Have fun I suppose - you are an adult and can make your own decisions (as can she).

I strongly suspect this will only be continuance of the affair, and that she will eventually choose to go back to her husband/marriage. I could be wrong, but I'd put the odds at something like 80/20.

IF her husband finds out and kicks her out or similar, then she might choose to be with you. But in her case I get the sense there's a very good chance she may cheat on you eventually as well (were you to ever actually be together). I suspect she knows at some level she's got you "wrapped around her finger".

If you're going to go forward with this, you might consider viewing it as a fling only and planning to move on eventually. That's easier said than done when emotions are involved, BUT your emotions MAY start fade with time, making it a bit easier for your "willpower" to kick in should you start having 2nd thoughts again.

The husband/ex-BF is out of the picture. He lives in another country where his still wife and first pair of twins live (he says he doesn't live with them). The last time he was here they went to court to sign the payments for OWs children. 

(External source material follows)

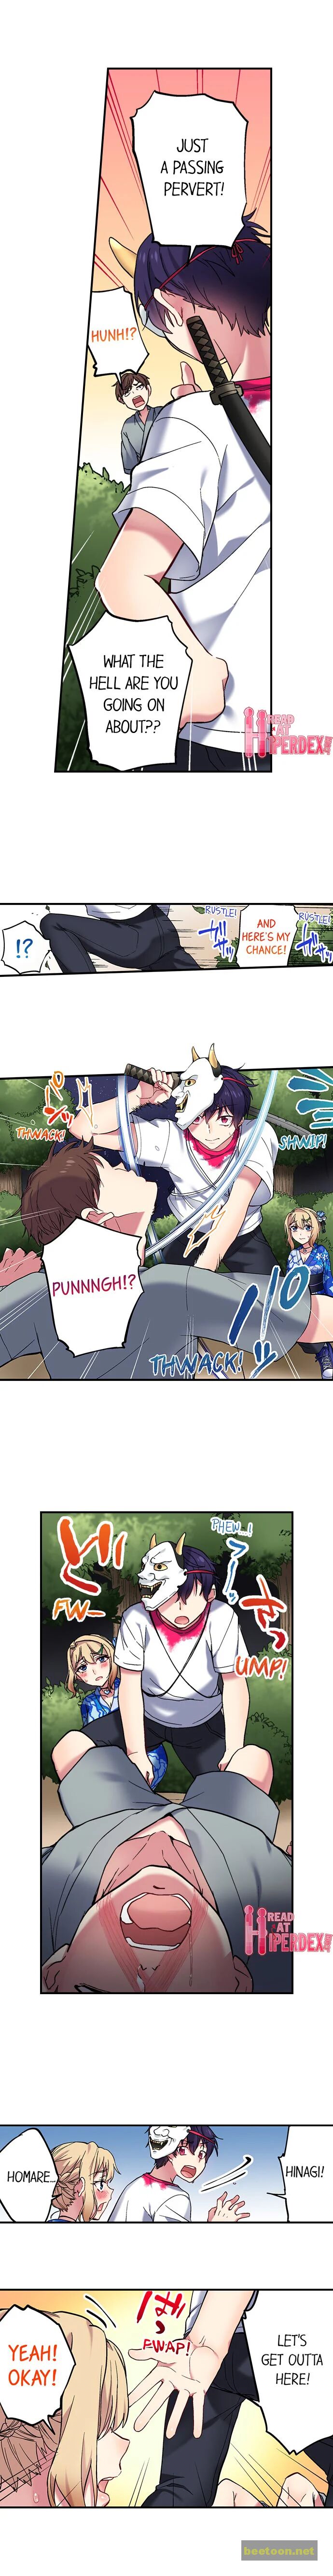 I Can See The Number Of Times People Orgasm Chapter 88 - HolyManga.net
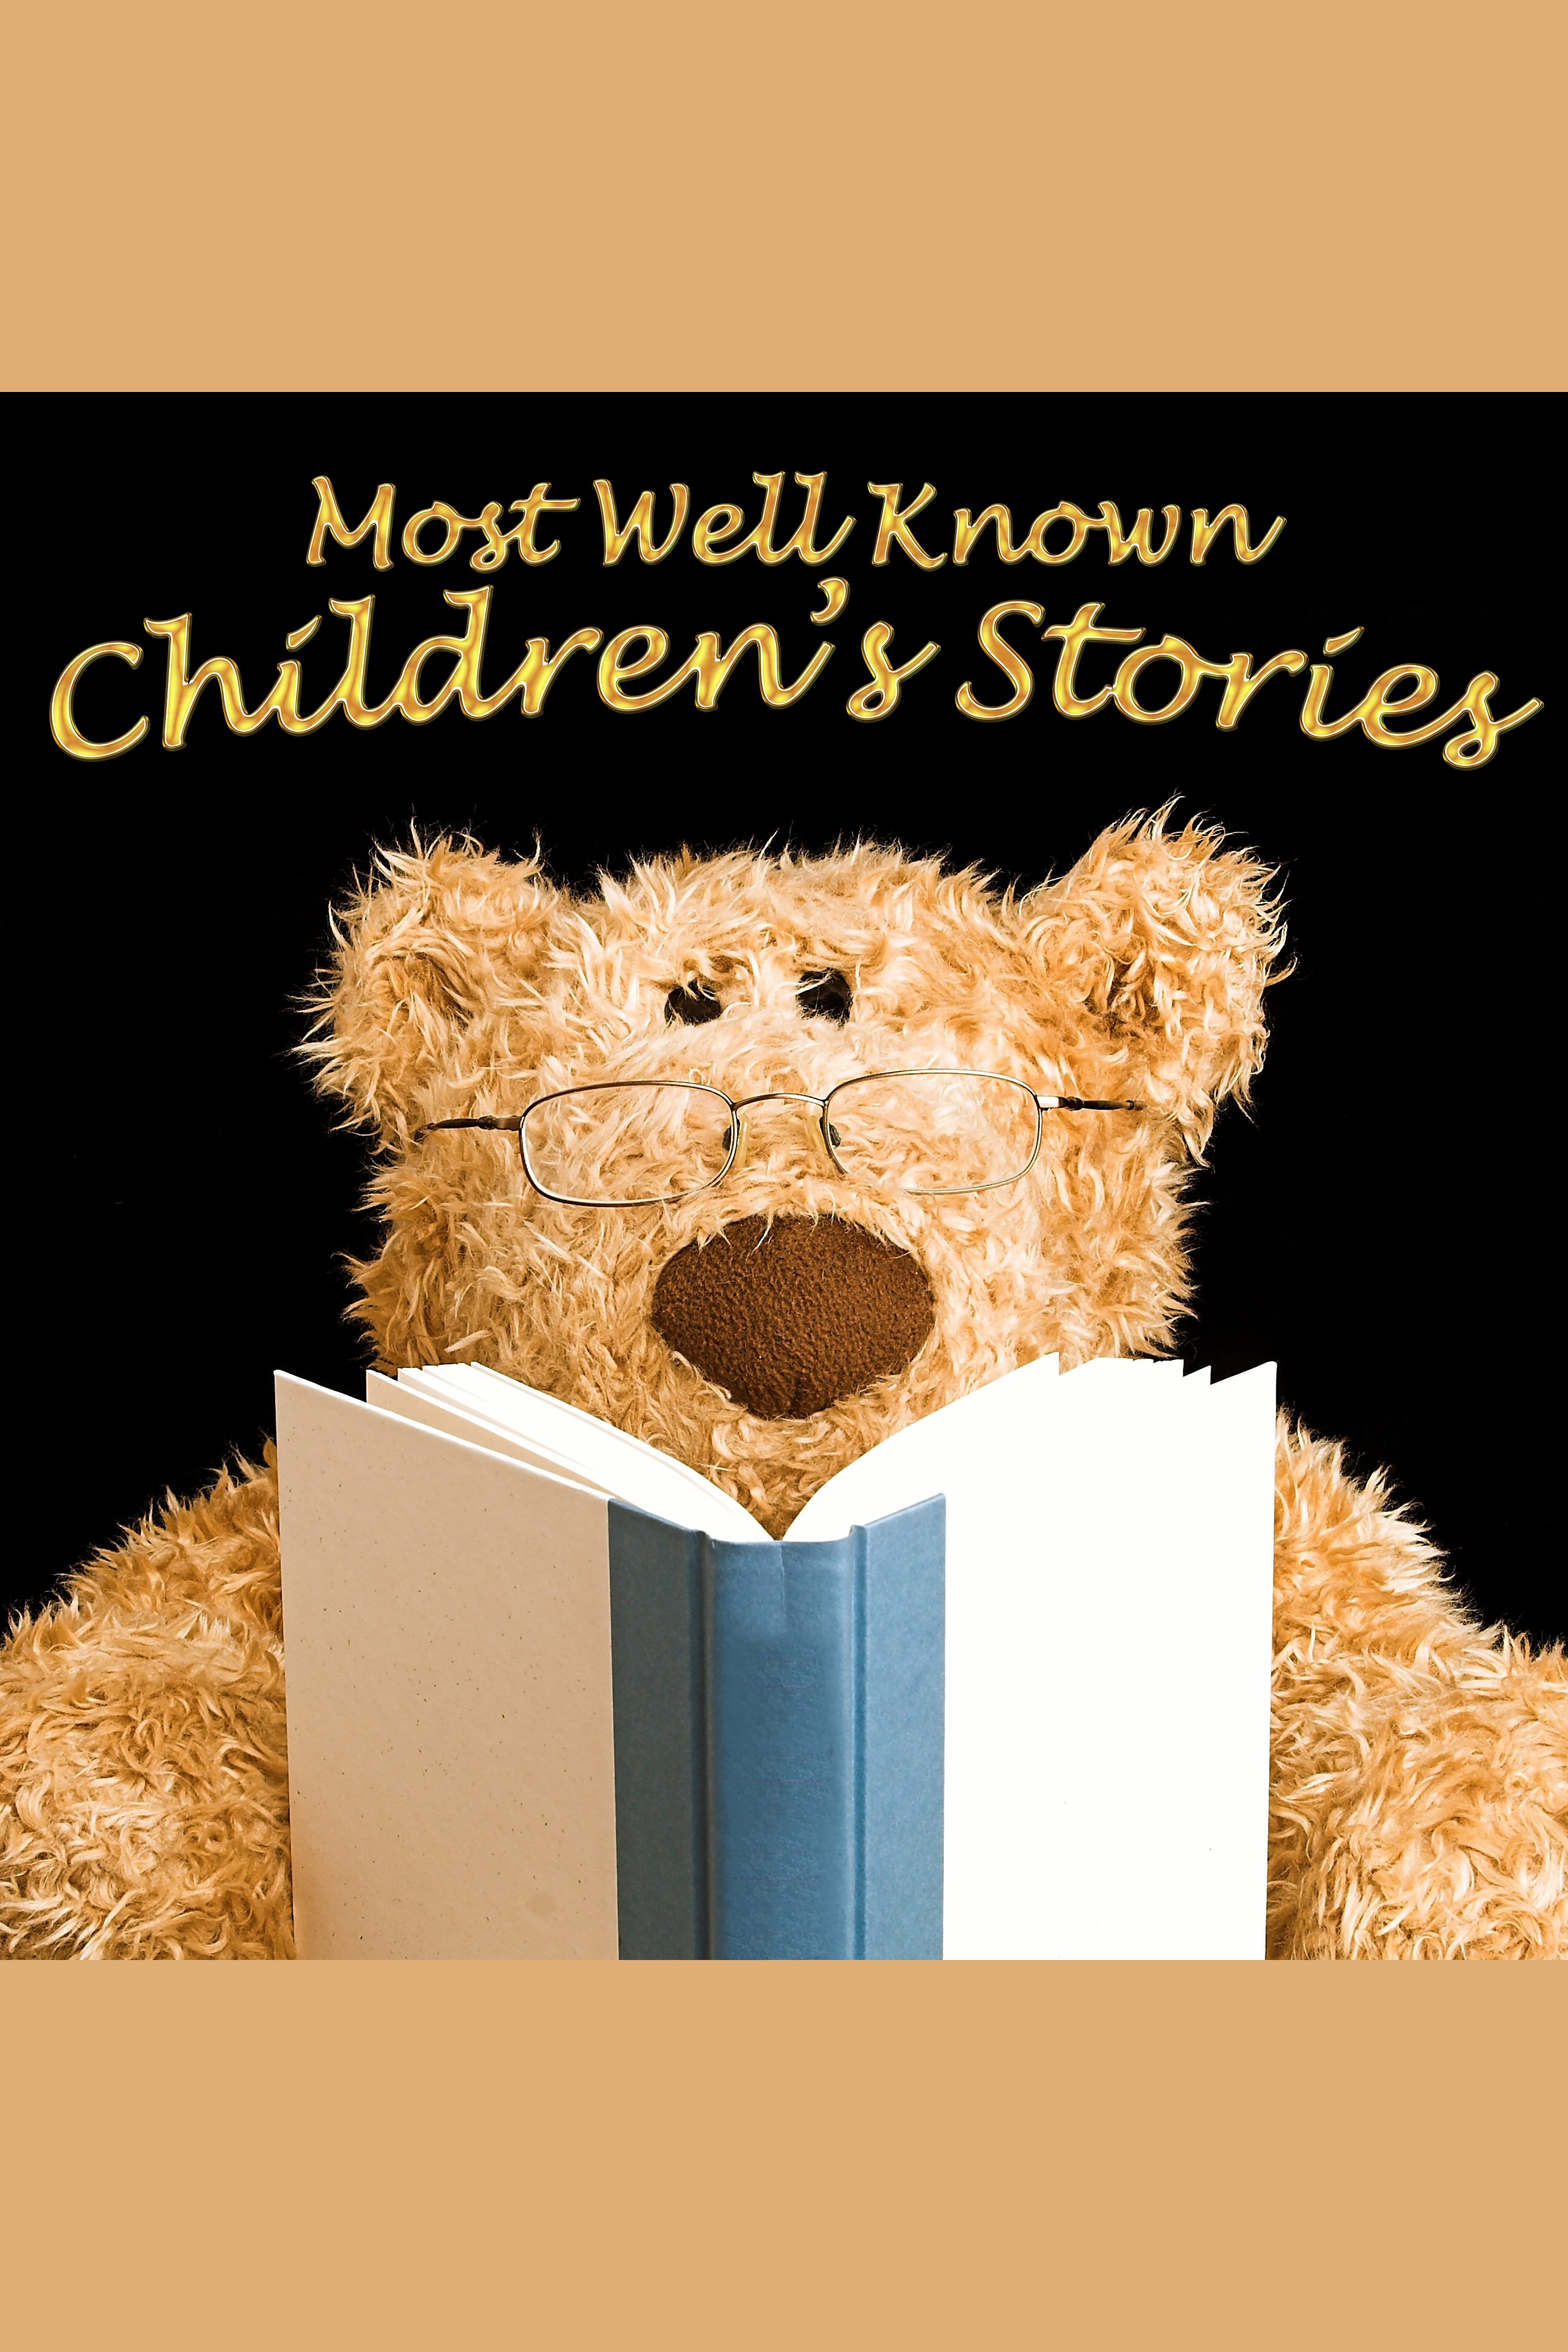 Most Well Known Children's Stories cover image

I know she is a serial cheater, she was my first affair in my life, while she had cheated the guy before ex-BF with ex-BF and cheated ex-BF with me. So I know it's a real possibility (or just assume it's a future fact).

Ok, here is my full disclosure and the reasons I think I'm so hooked:

1) I've never had such such great sex and also I've never loved a partner as much as her. Also, we make an amazing couple, whoever see us they tell us. Just today they did again.

2) in January 2021 we got pregnant, we didn't discuss it very much and she decided to abort. After some time passed she told me that she thought that my position, in case she wanted to have it, was to have a "secret family" with her which was totally wrong, and we found out we didn't discuss it fully. Sadly, since I started therapy (may last year) and the issues with GF, I found out I want a family, and it's something I never discussed with GF, but something I did discuss with OW several times (it was the main reason I broke up with GF). So it's like I'm not only letting OW go, but also the thoughts of this family.

I never said the thing about the pregnancy, but well... It hit me more than I thought. I'm a 39 guy and in 9 years I was with my GF kinda never cared, first because I felt I was too young and then didn't really thought about it and GF never brought it up, while with OW it was something we talked several times (after the abortion)

Here are my thoughts:

OW is living the single life, having a BF when she wants (me) but doesn't want to give up the single life right now, because she hasn't had one in many years. When she was obsessed with me was before she was living this life and she wants me to keep me around for when she wants to settle. The main issue is: I want to settle.  That's why I think it's a no go.

An before anyone judges me before knowing: The abortion was 100% OW choice, I went with her to the clinic, and was there 100% all the time, took care of her while she was in pain and it could be said that the episode even brought us closer than before.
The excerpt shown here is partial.